▸ REQUIREMENT: The material below holds pictures, which are to be left out; copy exactly the lines from the one with "バーシンク包帯空気圧縮マッサージ、タイミング設定 9レベルモード 調節可能な腕マッサージャー" through the one with "40k - Imperial".
═════ SOURCE INFORMATION
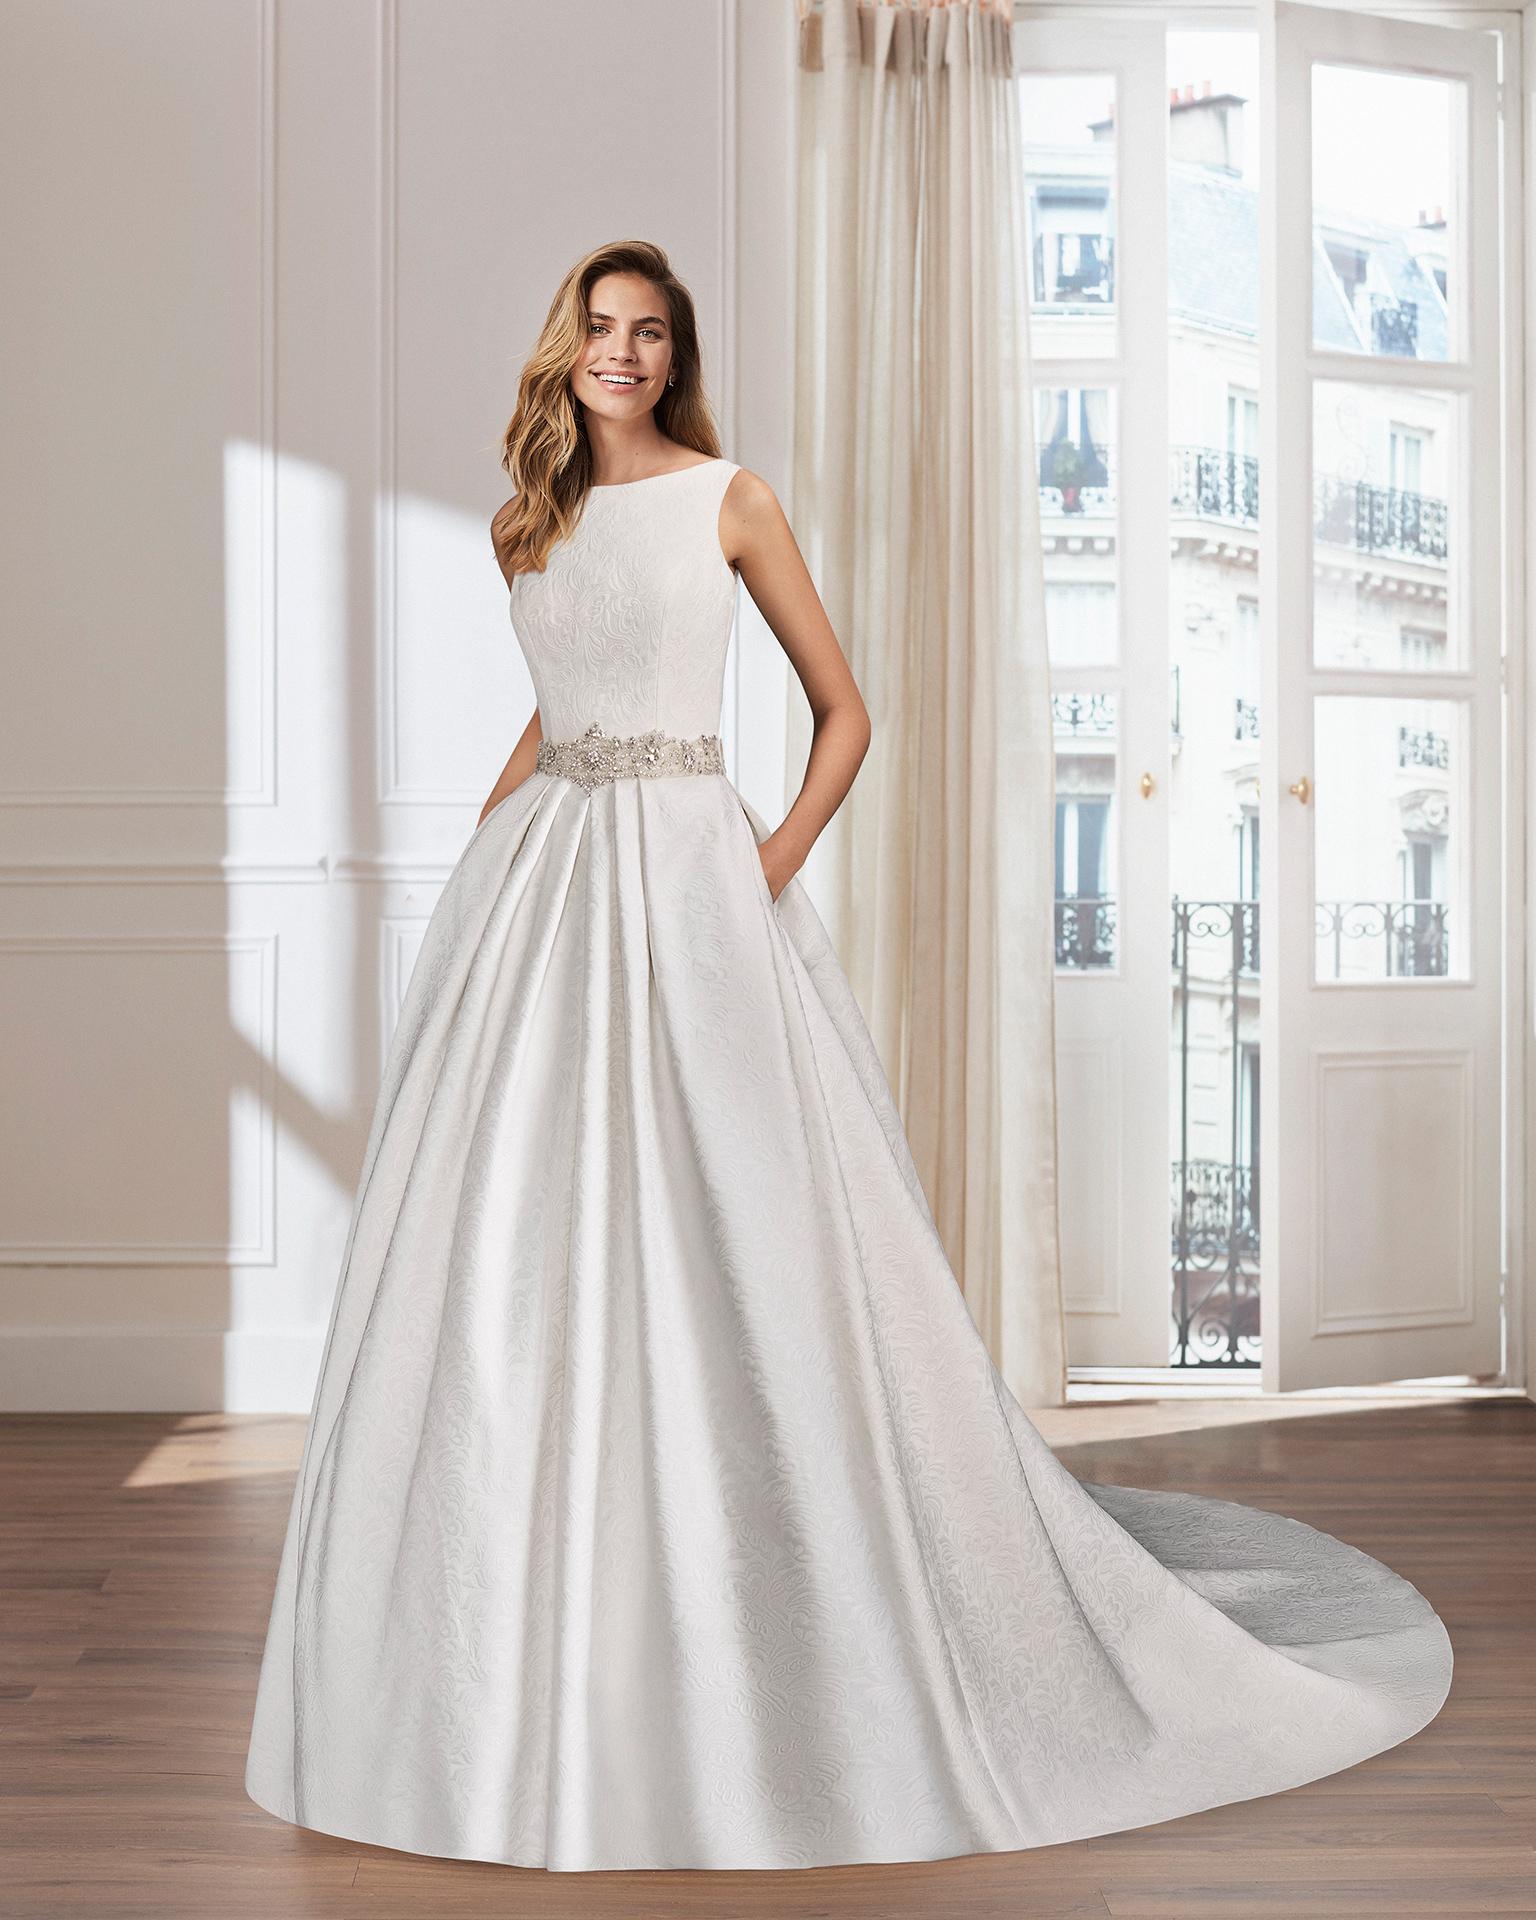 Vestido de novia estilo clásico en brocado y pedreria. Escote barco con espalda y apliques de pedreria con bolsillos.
══════════
═════ SOURCE INFORMATION
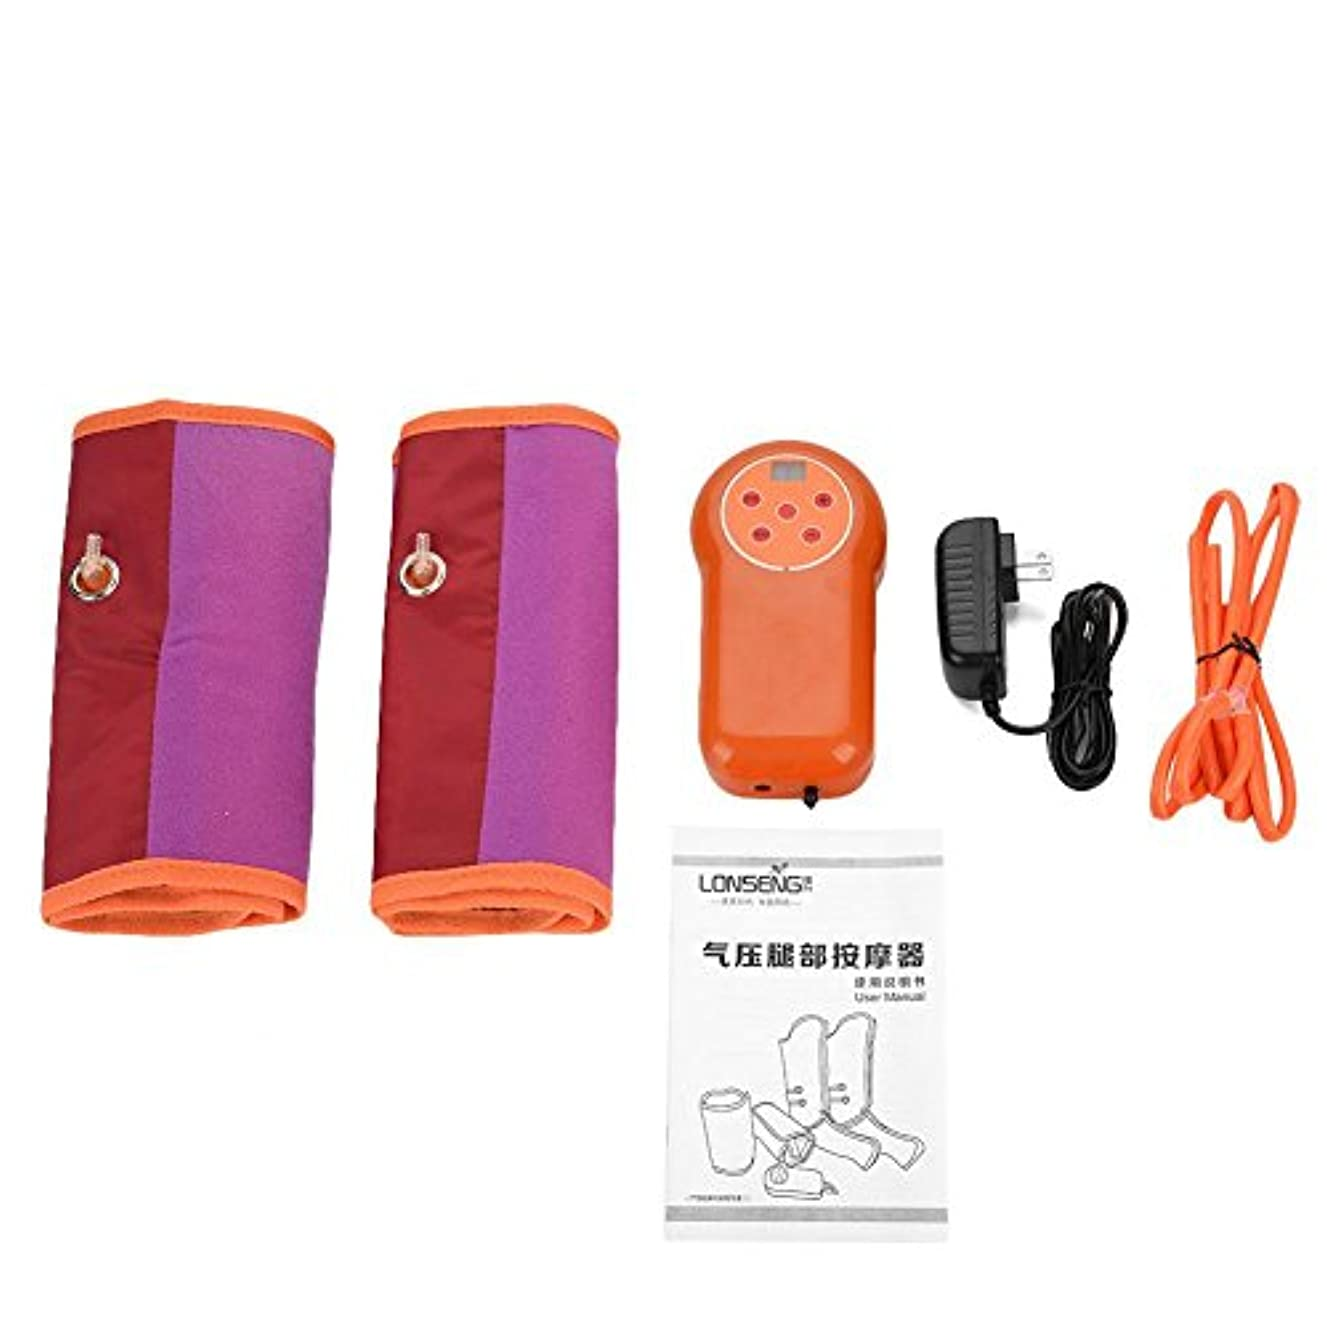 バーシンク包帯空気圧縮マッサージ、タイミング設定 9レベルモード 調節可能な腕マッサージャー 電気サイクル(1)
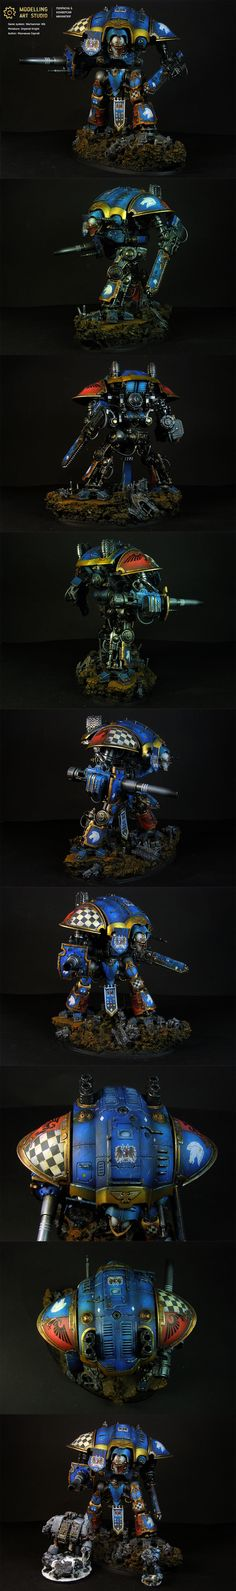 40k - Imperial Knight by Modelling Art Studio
══════════
▸ RESULT OF THIS TASK:
 バーシンク包帯空気圧縮マッサージ、タイミング設定 9レベルモード 調節可能な腕マッサージャー 電気サイクル(1)
 40k - Imperial Knight by Modelling Art Studio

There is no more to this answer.